Evening Brief – 02.07.24
SLOOS Reports Tighter Lending Standards
The Federal Reserve Senior Loan Officer Opinion Survey (SLOOS), released earlier in the week, showed that through the fourth quarter of 2023 U.S. banks tightened their lending standards – again.
Respondents indicated tighter requirements and lower demand for commercial and industrial (C&I) loans to businesses of all sizes. Furthermore, banks reported tighter requirements and lower demand across all commercial real estate (CRE) loan categories. Credit card, auto, and other consumer lending rules also tightened, while demand fell.
While banks continued to tighten credit, fewer of them did so in the fourth quarter, indicating that the trend may be moderating.
The survey demonstrates that credit conditions are gradually stabilizing, noted Paul Ashworth, chief North American economist at Capital Economics. He observed that the current amount of tightening is consistent with historical norms, implying that credit markets may recover.
“The Fed’s latest Senior Loan Officer Opinion Survey suggests that banks have put last year’s SVB regional bank crisis firmly behind them and, with long-term interest rates markedly lower than the peaks reached last October, loan demand appears to have picked up a little too. The credit squeeze is over,” he said.

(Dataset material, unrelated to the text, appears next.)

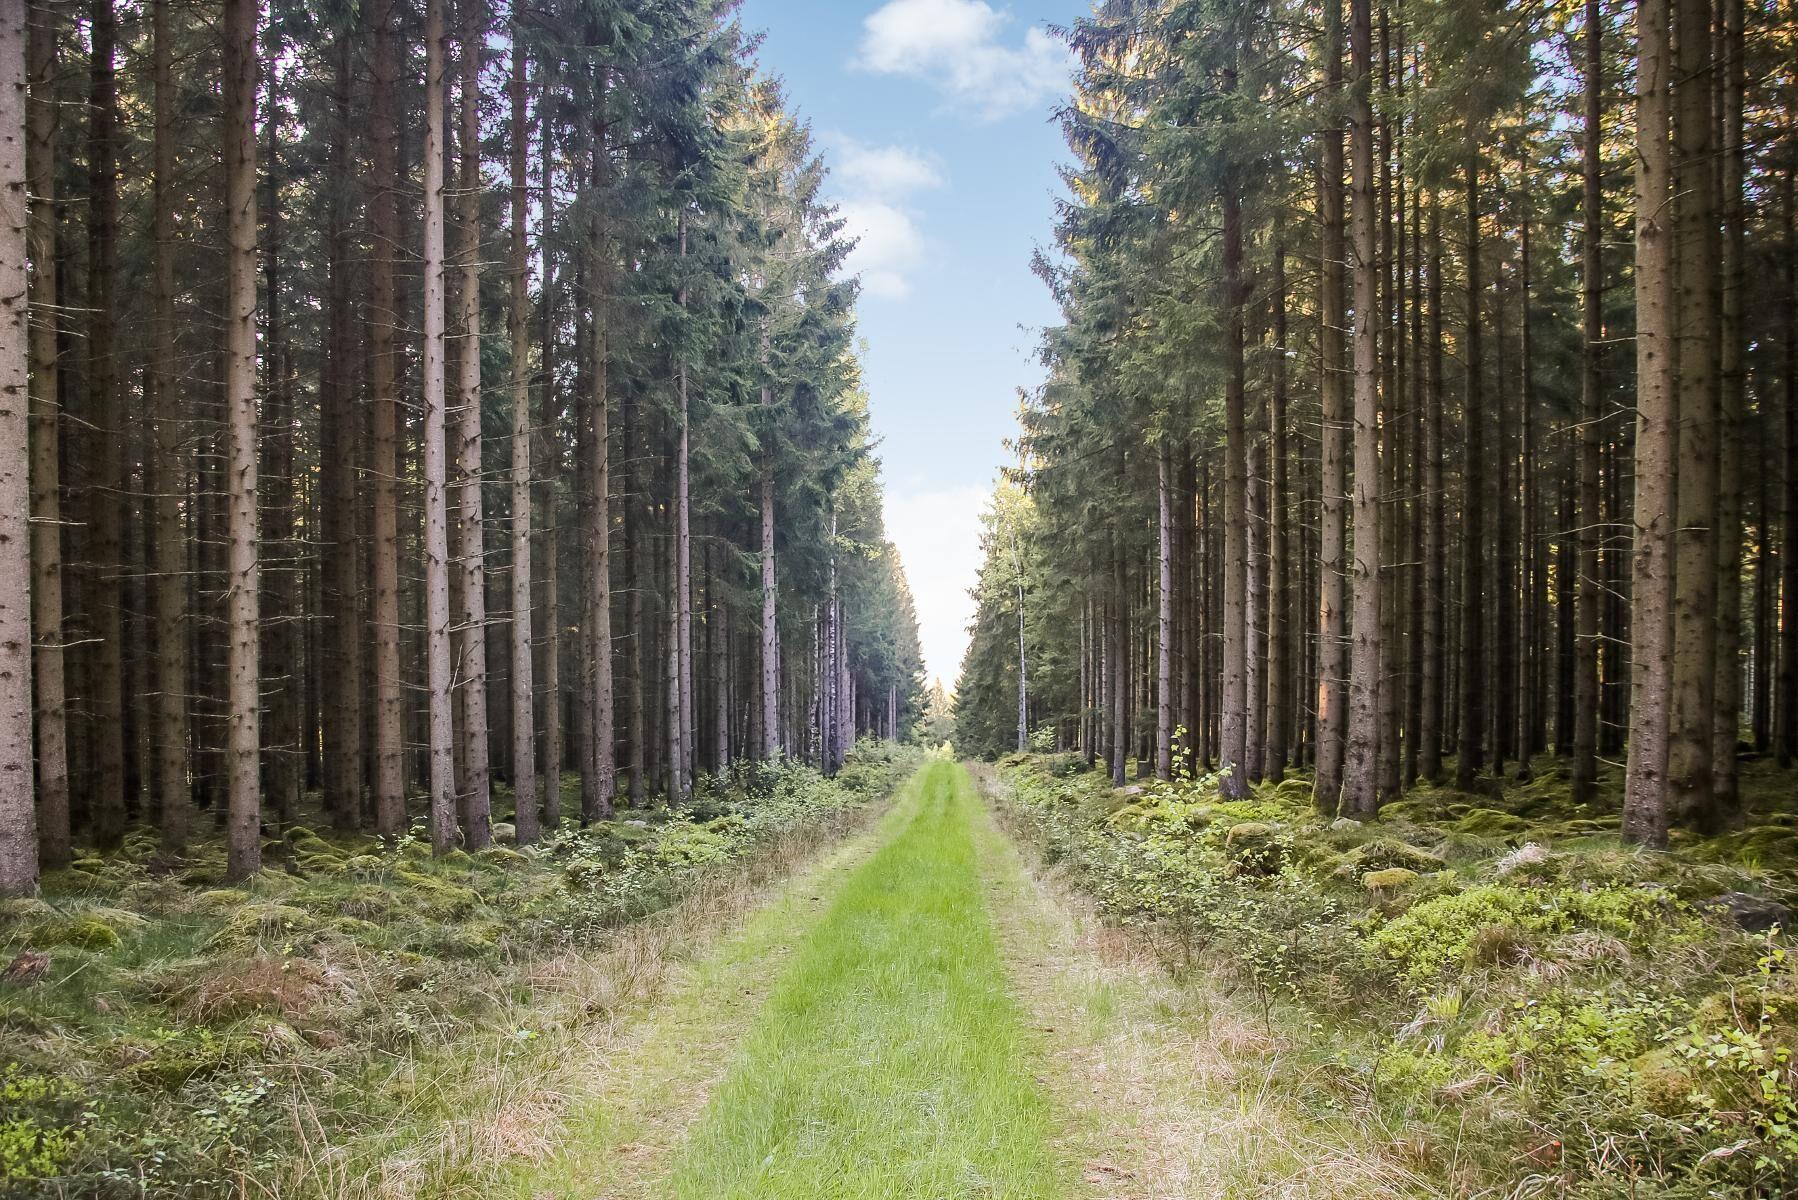 Skogsfonden Silvestica Green Forest köper 5 200 hektar skog i Halland av Stora Enso, men säljer vidare 1 400 till skogsägare i närområdet.

However, some economists remain doubtful that credit challenges have been overcome. James Knightley, chief international economist at ING, highlighted that the survey revealed a decline in the number of questions from potential borrowers about the availability and terms of new credit lines or increases in existing lines.
“This suggests US businesses remain very cautious and are reluctant to put money to work right now, with the report specifically stating that there appears to be decreased customer investment in plant or equipment and decreased financing needs for inventories, accounts receivable, and mergers or acquisitions,” he said in a note.
Although the Federal Reserve has lowered market expectations for a March interest rate cut, many analysts and economists still expect one in May, with the current SLOOS data having no impact on those forecasts.